Posted: Dec 07, 2021

Animation of Simple CPU Running Fibonacci Program in Logisim

This project is a simple 32-bit microcontroller written entirely in Logisim from basic logic gates. It's accompanied by an assembler written in Swift. I created this project while studying at UAT (Phoenix, AZ) to gain an understanding of logic operations and CPUs.

To give a little insight into this project, we could either start the journey with a “written program” and peel away layers of abstraction, or start with “basic logic gates” and explore how it is possible to build a working CPU from these building blocks by increasing the complexity through layers of abstraction. I think both journeys are interesting, and I will start with the former, letting them eventually meet roughly where the overview image above is located.

Before we dive in, I want to note that not everything from this exercise can be directly transferred to modern computers. Modern computer and CPU architectures are so incredibly complicated that it is virtually impossible to understand everything from the transistor layer through all layers of abstraction up to drawing pixels on a screen. But this simplified version is still very helpful in getting an idea of how CPUs and computers roughly do their thing. Another thing worth noting is that the whole thing is technically called a “microcontroller” and the CPU is “just” an important part of it. To get the terminology correct: The mere CPU here is accompanied by RAM, ROM and Output to be actually useful, and such a package is often referred to as a “microcontroller”.

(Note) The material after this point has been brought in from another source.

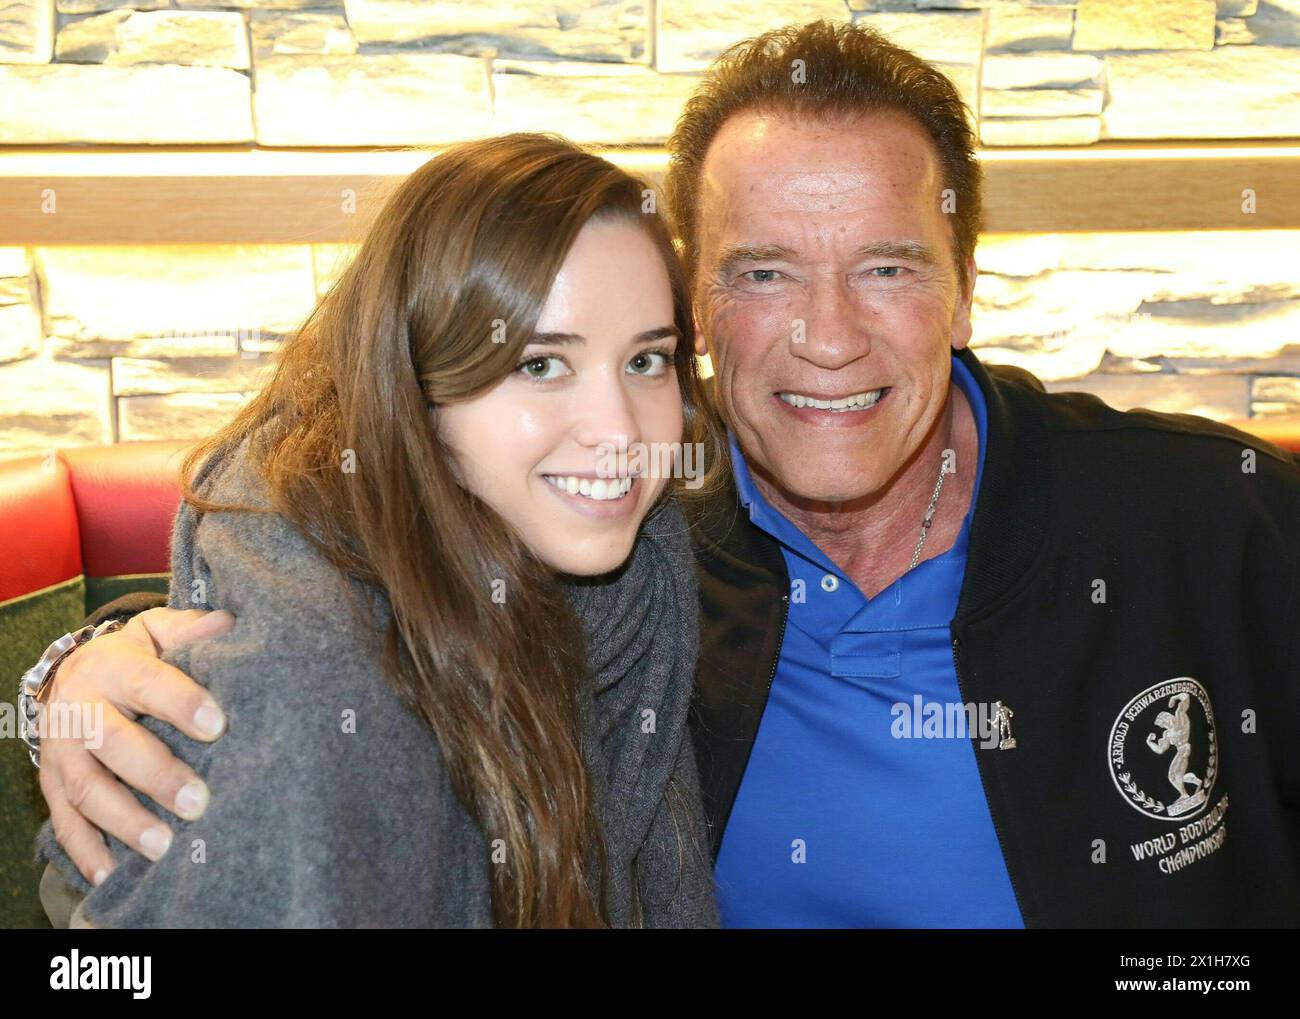 Arnold Schwarzenegger während der Olympischen Sonderweltwinterspiele Österreich 2017 in Schladming, Österreich, am 23.03.2017. BILD: Arnold Schwarzenegger und seine Tochter Christina - 20170323 PD6696 - Rechteinfo: Rights Managed (RM) Stockfoto

The highest level of abstraction we begin with is assembly code. I know many haven't touched assembly code before, and practically for most applications it's not necessary or even advisable to write assembly code directly. But its goal is very similar to other programming languages like C++, to have a layer of abstraction to avoid writing machine code directly. Machine code is the actual bits and bytes a CPU can understand and work with. To write code in a way that is more relatable to humans, assembly or C++ code needs to be translated into machine code by an assembler or a compiler. Assembly is structurally very similar to machine code, but you don't have to memorize the so-called Opcodes – the actual number you use to tell the CPU to move some data into a register, for example, but instead use an instruction like mov. Since I wanted to have that luxury, I wrote an assembler that can assemble very simple x86 assembly into machine code which the CPU I built here is able to understand. With this, I was in a position to write this simple program for calculating Fibonacci numbers in assembly code…

; Calculate Fibonacci Numbers
SECTION .data
  Fnumber 5   ; number of numbers to produce
  F1 0        ; Initial number 1
  F2 1        ; Initial number 2
  Result 1    ; Variable to store result

SECTION .text
  out F1
  out F2
loop:
  add Result, F1
  mov F1, F2
  mov F2, Result
  out Result
  dec Fnumber
  jnz loop

…and turn it into machine code, which looks like this:

This is formatted in a way that the ROM component in Logisim can read it. Which brings me back to the overview image. The “ROM” part at the top left is responsible for managing everything directly related to the program code, so the assembled code for calculating the Fibonacci numbers can also be loaded here. The RAM part below is responsible for accessing and storing working data. Further down the part labeled “CU” represents the Control Unit of the CPU. It orchestrates all the other parts to create a working whole. On the right side, the Arithmetic logic unit ALU performs calculations or logic operations on binary numbers, such as addition, multiplication, logical AND as well as comparisons. I've also created a part that implements the logic to perform conditional jumps based on the results of comparisons made by the ALU. This part is called the “Conditional Jump Comparison Unit” Conditions JMP CMP and it gives me the ability to use simple if statements. With instructions like “jump if not equal” and a ROM memory address pointing to end of a code block, that code block is only executed if the two numbers are equal. And finally, the “Output” so we also have a way to look at the results this conglomeration of parts produces.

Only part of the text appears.